In Exercises 27–62, graph the solution set of each system of inequalities or indicate that the system has no solution. 3x+y≤6, 2x−y≤−1, x>−2, y<4

Inequalities are mathematical expressions that show the relationship between two values when they are not equal. They use symbols such as ≤ (less than or equal to), ≥ (greater than or equal to), < (less than), and > (greater than). Understanding how to interpret and manipulate inequalities is crucial for solving systems of inequalities, as it allows us to determine the regions of the coordinate plane that satisfy the given conditions.

Graphing systems of inequalities involves plotting each inequality on a coordinate plane to visualize the solution set. Each inequality divides the plane into two regions, and the solution set is where these regions overlap. It is important to use dashed lines for inequalities that do not include equality (like < or >) and solid lines for those that do (like ≤ or ≥). This graphical representation helps in identifying feasible solutions.

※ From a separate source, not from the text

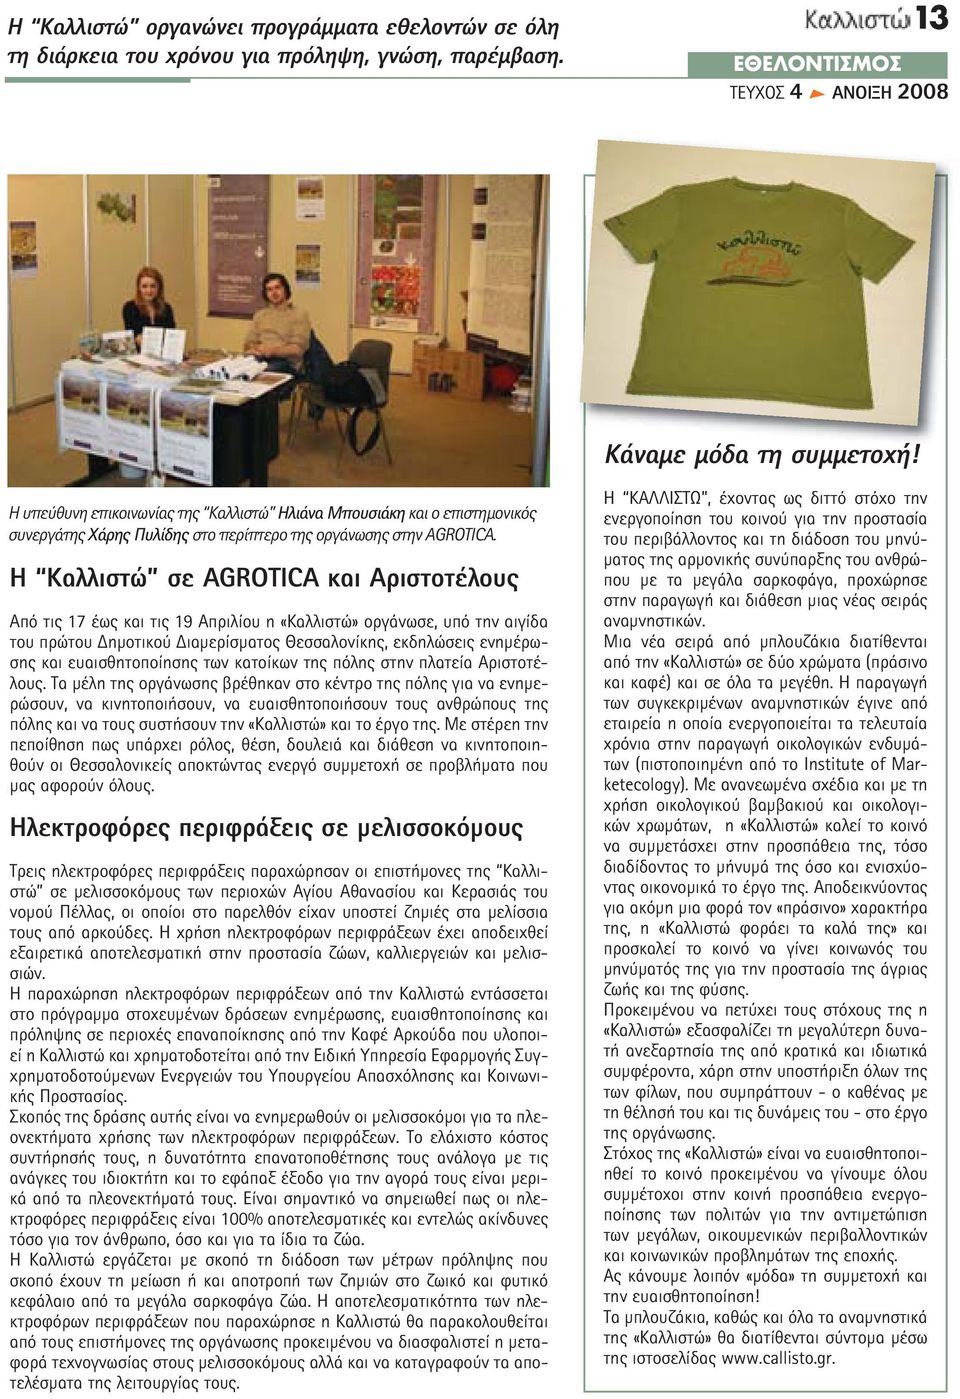 Η Καλλιστώ σε AGROTICA και Αριστοτέλους Από τις 17 έως και τις 19 Απριλίου η «Καλλιστώ» οργάνωσε, υπό την αιγίδα του πρώτου ηµοτικού ιαµερίσµατος Θεσσαλονίκης, εκδηλώσεις ενηµέρωσης και

The feasible region is the area on a graph where all the inequalities in a system are satisfied simultaneously. It is typically bounded by the lines representing the inequalities and can be unbounded in some cases. Identifying the feasible region is essential for understanding the solutions to the system, as it visually represents all possible combinations of variable values that meet the criteria set by the inequalities.